Nach dem verheerenden Hauseinsturz in Görlitz mit drei Todesopfern hat die Staatsanwaltschaft Haftbefehle gegen zwei mutmaßliche Verursacher erlassen. Die Männer im Alter von 27 und 33 Jahren stehen im dringenden Verdacht, durch die Manipulation von Gasleitungen eine Explosion ausgelöst zu haben, die das Gebäude zum Einsturz brachte. Dies teilte die Staatsanwaltschaft Görlitz am heutigen Tag mit.
Die tödliche Explosion vom Mai
Am 18. Mai erschütterte eine schwere Gasexplosion die Gründerzeitvilla im ostsächsischen Görlitz. Drei Menschen kamen ums Leben: zwei junge Frauen aus Rumänien und ein Deutsch-Bulgare. Die Wucht der Explosion ließ das historische Gebäude teilweise einstürzen. Rettungskräfte bargen die Opfer aus den Trümmern. Die genauen Umstände des Unglücks wurden umgehend von der Staatsanwaltschaft untersucht.
Gutachten bestätigen Gasexplosion als Ursache
Nach Angaben der Staatsanwaltschaft haben vorläufige Sachverständigengutachten die Gasexplosion als eindeutige Ursache für den Einsturz bestätigt. „Die Explosion wurde durch beschädigte oder manipulierte Gasleitungen im Gebäude ausgelöst“, erklärte ein Sprecher der Behörde. Diese Erkenntnisse ermöglichten es den Ermittlern, die Haftbefehle gegen die beiden Tatverdächtigen zu beantragen.

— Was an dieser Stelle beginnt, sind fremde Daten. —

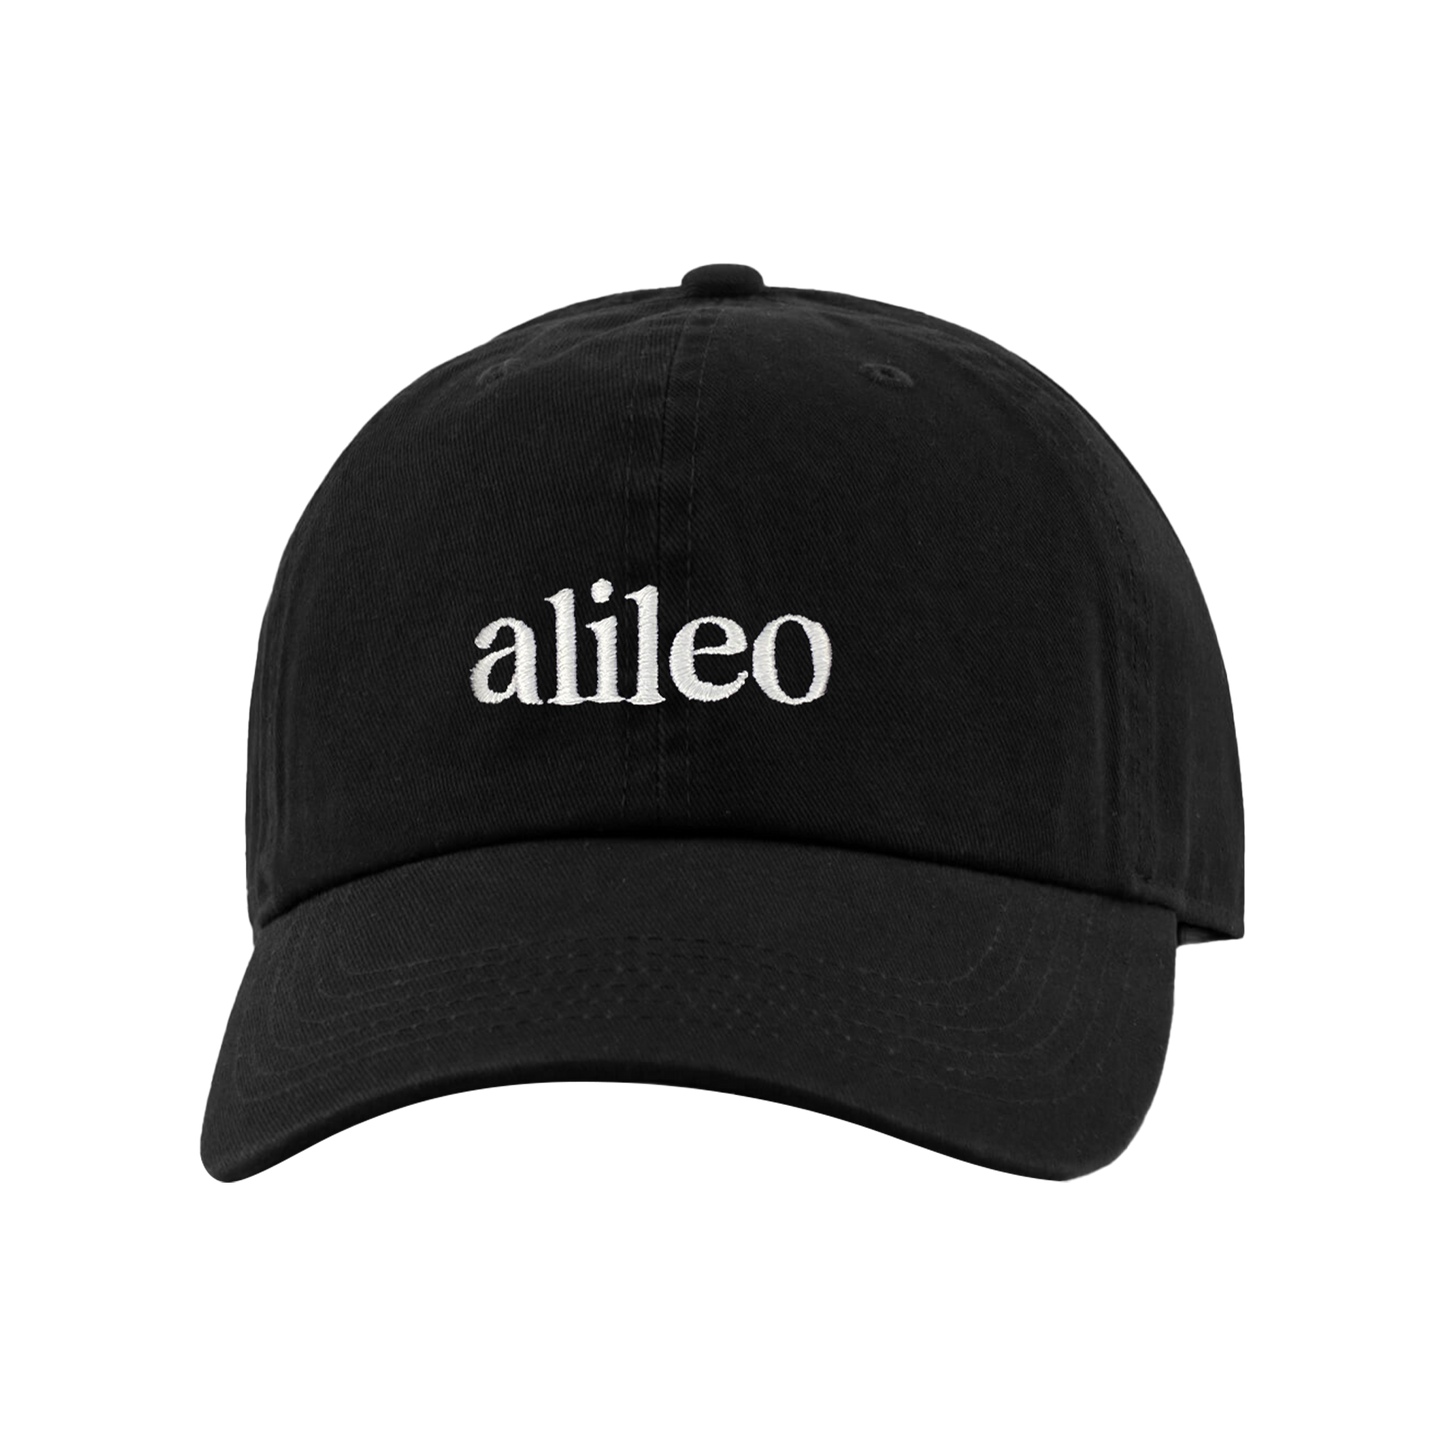 Alileo Vintners Cap

Die Tatverdächtigen und ihre Vorstrafen
Bei den Beschuldigten handelt es sich um einen 27-jährigen Polen und einen 33-jährigen Mann aus Afghanistan. Sie stehen im Verdacht, Buntmetalldiebstähle begangen zu haben. Dabei sollen sie in der Gründerzeitvilla Gasleitungen beschädigt oder manipuliert haben, was letztlich zur Gasexplosion führte. Die Männer befinden sich bereits aus anderen Gründen in Haft. Die neu erlassenen Untersuchungshaftbefehle würden laut Staatsanwaltschaft erst vollstreckt, wenn die bestehenden Haftgründe entfallen.
Die rechtliche Einordnung
Die Staatsanwaltschaft ermittelt gegen die beiden Männer wegen des Verdachts des gemeinschaftlichen Herbeiführens einer Sprengstoffexplosion mit Todesfolge in Tateinheit mit fahrlässiger Tötung in drei Fällen. Dieses Delikt kann mit einer langjährigen Freiheitsstrafe geahndet werden. Die Ermittlungen wurden maßgeblich durch Hinweise der polnischen Polizei vorangetrieben. „Ohne die internationale Zusammenarbeit wäre dieser Ermittlungsstand nicht möglich gewesen“, betonte der Staatsanwaltschaftssprecher.
Ausblick und weitere Schritte
Die Untersuchungen sind noch nicht abgeschlossen. Die Staatsanwaltschaft prüft weitere mögliche Beteiligte und versucht, den genauen Ablauf der Manipulationen zu rekonstruieren. Die Angehörigen der Opfer werden von einem Opferbeauftragten betreut. Der Hauseinsturz in Görlitz hat in der Region Bestürzung ausgelöst. Die Stadtverwaltung kündigte an, die Sicherheit von Altbauten zu überprüfen.